Additionally, disposable diapers have been linked to male infertility and testicular cancer. Click here to read more. And on a less serious note, children who wear exclusively disposable diapers experience far more diaper rash than children who are cloth diapered. Now for some kids, this could simply be due to an irritant in the sposies. For example, my kids canNOT wear any sposies except Huggies, because any other brand of sposies will have their bottoms in flames within one diaper wear. But, for most children, sposies are more closely associated with diaper rash because they just hold so much, and most kids wear a single diaper for far longer than they should.

Finally, please take a moment and read these two wonderful articles. I found that I simply could not do them justice by summing them up. This article has a wealth of cited information regarding how disposable diapers are manufactured. This article gives detailed information about possible adverse health effects of disposable diapering, not only on the babies who wear them, but also on the people who work in the plants that produce them.

Budget

Now, I’ve heard my fair share of people dispute the validity of the environmental and health concerns. I, for one, say that if there’s even a chance that using sposies could adversely affect my children’s health, not to mention the planet which God has given into our care to steward, then I am willing to try the alternative!

However, people can-NOT argue that using cloth diapers will save you money.

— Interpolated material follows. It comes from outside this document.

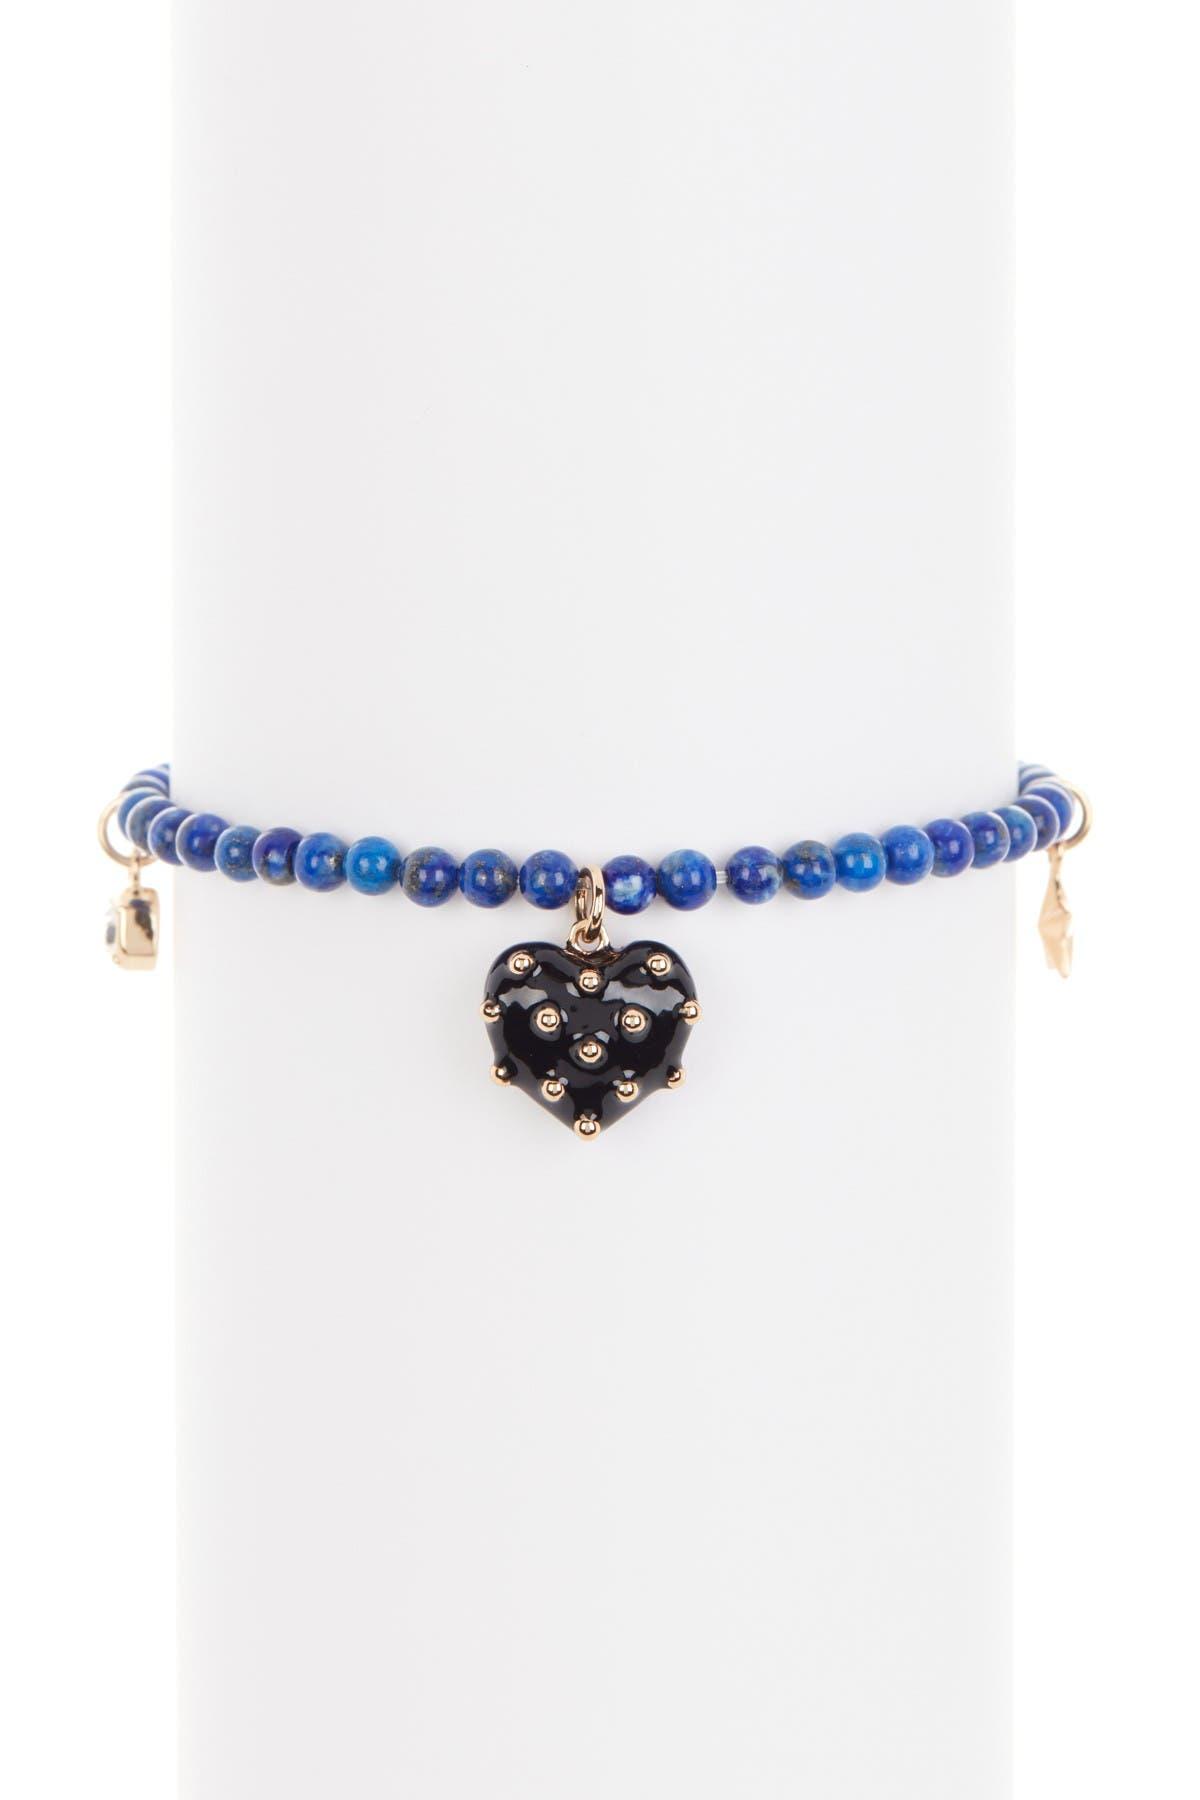 Image of Rebecca Minkoff Studded Heart Charm Stone Bead Stretch Bracelet

When you first begin to look at purchasing cloth diapers, you may think, “These are so expensive! There’s no way this is going to save me money!” But cloth diapering is 100% a front-loaded investment, meaning that after you purchase your “stash,” you no longer need to spend any money (other than detergent) to maintain your system!

Let’s go back to what I said earlier, about how the average sposie-diapered child will go through approximately 10,000 diapers/swim pants/training pants by the time they’re fully potty-trained. Disposable diapers, on average, cost approximately $0.24 per diaper. This translates to around $2,400 (per child) you will have spent on something that ends up almost immediately in the garbage, and that doesn’t even include the cost of disposable wipes and special liners for the diaper pail.

Another breakdown comes from my own experience. When my son was still in diapers (fully daytime potty trained before he was even 2 and ½, thank you cloth diapering!), I was spending approximately $13 per month on the increased utility bills plus the cost of detergent to have my children in cloth diapers full time. Had I still been using disposables, I would have been spending about $105 a month on diapers alone, not counting the cost of wipes. So for us, disposables = $105+/month, cloth = $13/month. Now, I’m not a math whiz, but you just can’t argue with that! Who couldn’t use an extra $92 each month?

Here is an AWESOME math breakdown that shows the cost of diapering your child with different "systems" versus the cost of diapering your child in disposables.

Finally, the average age that a cloth-diapered child will potty train is placed somewhere between 18 and 24 months. A child in disposable diapers will, on average, not potty train until 36 months! And anyone who has spent time in second and third world countries where cloth is used exclusively will tell you that mothers start potty training their children – successfully! – as soon as they begin walking. On a similar note, many cloth diapering mothers practice elimination communication with great success!


So there you have it! The big reasons to choose cloth over disposables. In this age, most of us probably never even thought twice about using sposies, but there is such a better option out there! And, I won't even play - my biggest reason for choosing cloth was the money, honey. But as I said before, when I began my research, I discovered more and more information about disposables than I was comfortable with. And don't forget - CLOTH DIPEYS ARE ABOUT A MILLION TIMES CUTER THAN PLAIN OL' PLASTIC SPOSIES!